Deadlock between directors of a limited company occurs when the board can’t reach a majority decision. This typically happens in companies with two equal shareholders who are also directors, where they’re unable to agree on the operation of the company and no casting vote exists to break the tie.
Without a third party to tip the balance, this can paralyse a company, especially if one director deliberately seeks to frustrate the other. This can be incredibly damaging to the company’s management and future development.
Taking a pragmatic approach in deadlock situations is essential. Ideally, deadlock should be avoided altogether, but if it arises, there are several steps you can take to try to resolve it amicably.
What immediate steps can be taken in the event of a deadlock?
Start by reviewing the company’s articles of association to see if there’s any provision which addresses deadlock and how to break it. If the company has adopted the model articles of association for limited companies, it’s unlikely there will be a bespoke provision for deadlock.
However, if the directors anticipated the possibility of a deadlock when drafting the company’s articles, there may be measures in place to assist.
Examples may include:
- Requiring particular matters to be decided by a majority decision rather than unanimous decision
- Allocating more votes to one director
- Giving the chairperson a casting vote in the event of a deadlock.
You should also check whether a shareholders’ agreement exists. This may provide a mechanism for breaking deadlock and will be particularly relevant where the shareholders have different classes of shares with varying rights, such as increased voting power for one party.
What options are available to break director deadlock?
If the company’s articles or shareholders’ agreements don’t offer a solution, consider the following options:
- Call a board meeting to seek resolution. This is the simplest and least confrontational option. A meeting allows directors to discuss the issues and explore a way forward. It avoids the need for legal threats of breach of duty or other forms of redress between directors to break the deadlock.
- Call a shareholder meeting to explore resolution. This is similar to the first option.

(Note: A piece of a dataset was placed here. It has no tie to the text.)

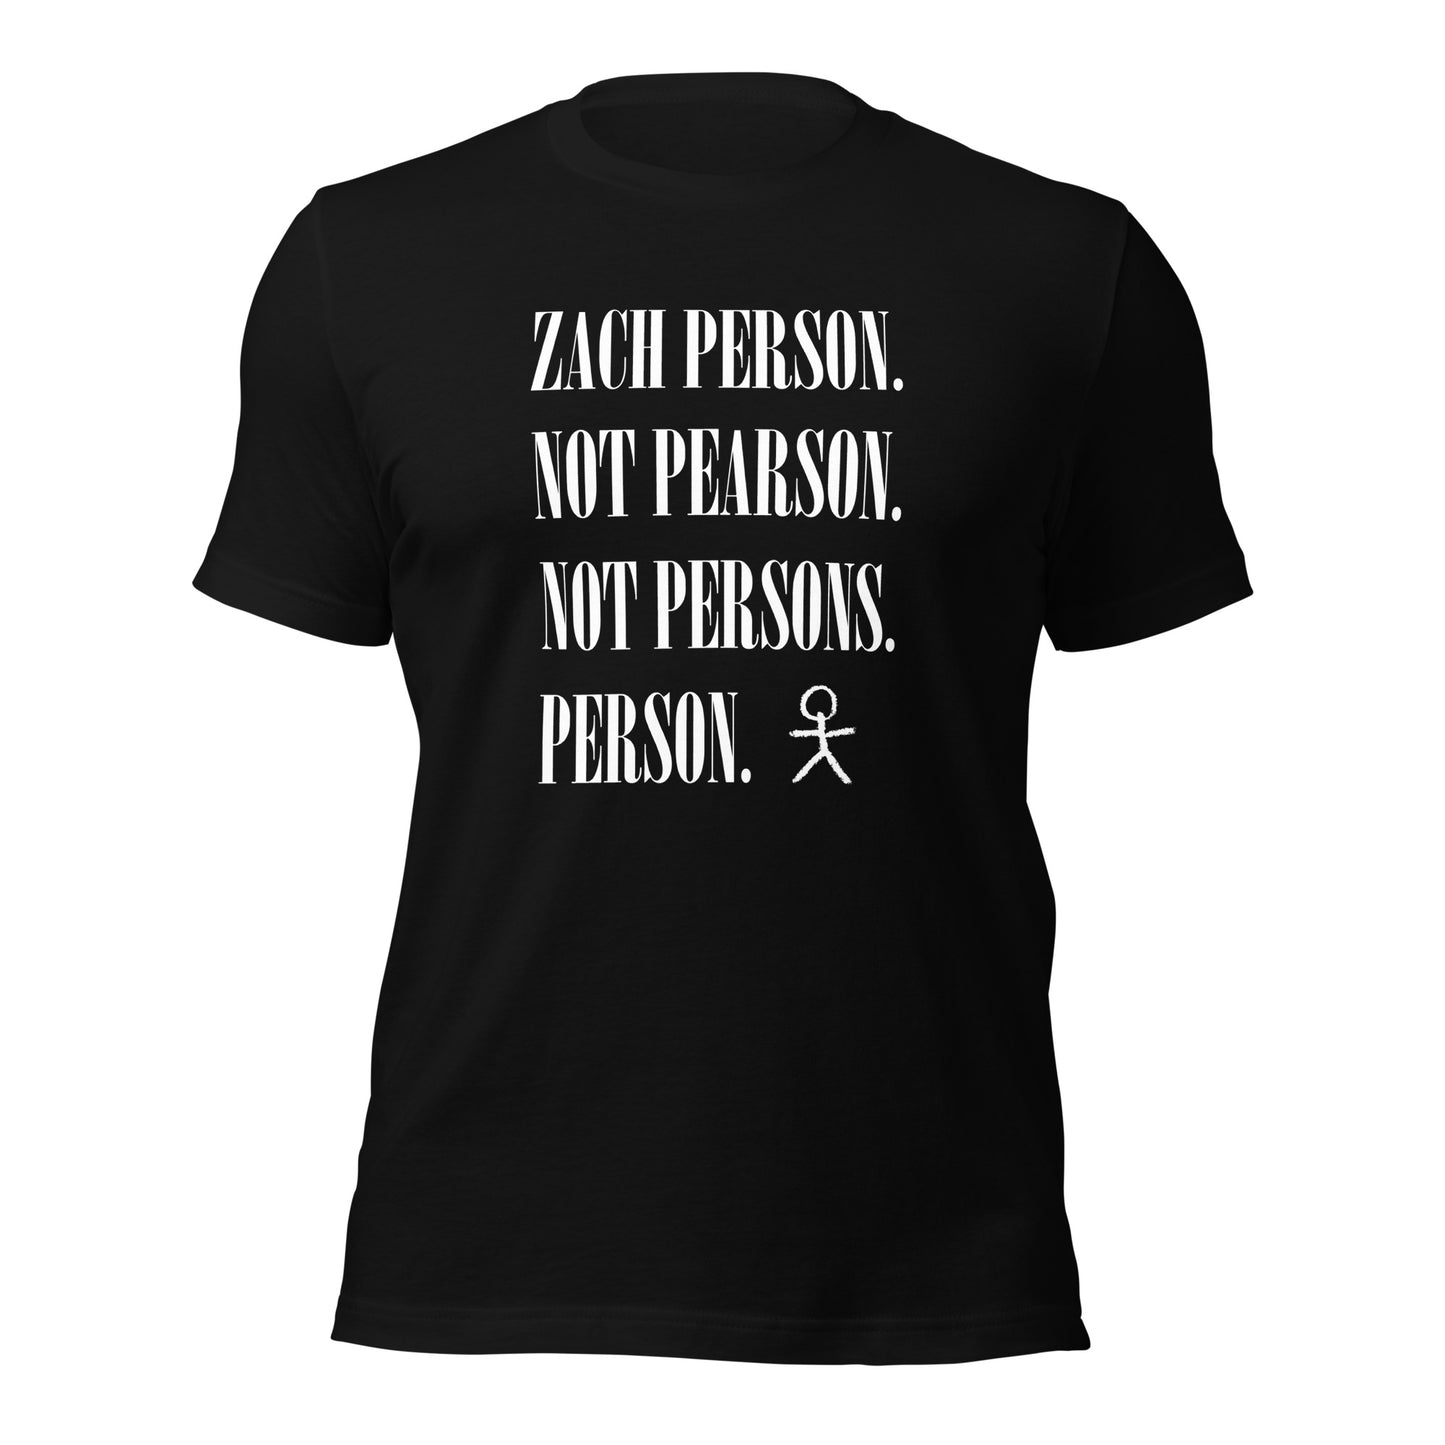 "PERSON" T-Shirt

Shareholders may be able to force decisions where there’s a deadlock at board level. However, these first two options may not be particularly effective if both directors are equal shareholders and no majority can be formed.
- Appoint a non-executive director to resolve deadlock. Bringing in an independent third party or contact to assist with making decisions about the future conduct of the company can help resolve disputes and guide future decisions. However, this requires majority consent, which may be difficult to achieve in a deadlock. Alternatively, the company could issue shares to a third party to resolve the dispute at a shareholder level – but again, this would require majority agreement.
- Appoint a third party expert to determine the dispute. This is a cost-effective way to resolve technical or financial disputes without going to court. However, the parties must jointly agree to this approach and agree the scope of the expert’s role. Because the positions of directors in deadlock are often entrenched, this might not be a viable option.
- Sell the company or a director’s shares. If one of the director-shareholders exits the company, the deadlock ends. Though drastic, this can be quicker and cheaper than litigation. Sale options include:
- · The company buying back the shareholder’s shares
- · One director selling their shares to another
- · Selling to a third party.
- Seek legal advice. This is particularly important if one director may not be acting in the best interests of the company and breaching their fiduciary duties. Legal advice can clarify obligations and help resolve the situation before it escalates.
What if court action is necessary?
If informal options are not successful, you may need to consider litigation or an alternative court process. For example:
- Issuing an unfair prejudice petition. One of the shareholders would need to show the court that the company’s affairs are being conducted in a way that unfairly harms their interest. If the court agrees there is unfair prejudice, it will decide on an appropriate remedy, which could be an order for one director-shareholder to buy out the other or a sale of the company.
- Issuing a compulsory winding-up petition of the company. An alternative option would be to ask the court to wind up the company on just and equitable grounds, even if it’s solvent. The court would consider whether there has been a breach of the company’s articles, broken expectations or obligation between shareholders or if there has been gross misconduct. A director could also elect to pursue both options at the same time.
Top tips to avoid or minimise director deadlock
- Consider adopting bespoke articles of association which clearly address what should happen in the event of deadlock and set out a clear mechanism for resolving disputes. This could also be included in a shareholder agreement where each director is also a shareholder. Ensure there’s a referral mechanism to a third party to help with deadlock
- Assess what decision the deadlock relates to and choose a proportionate and cost-effective method of resolving it. Don’t jump to extreme measures if a simple meeting or third party involvement may be a more effective and sustainable way to break the deadlock
- Being proactive is crucial to ensure deadlocks are resolved as quickly as possible so the directors can focus on the management of the company instead
- Seek legal advice early. Early intervention can clarify duties and prevent escalation.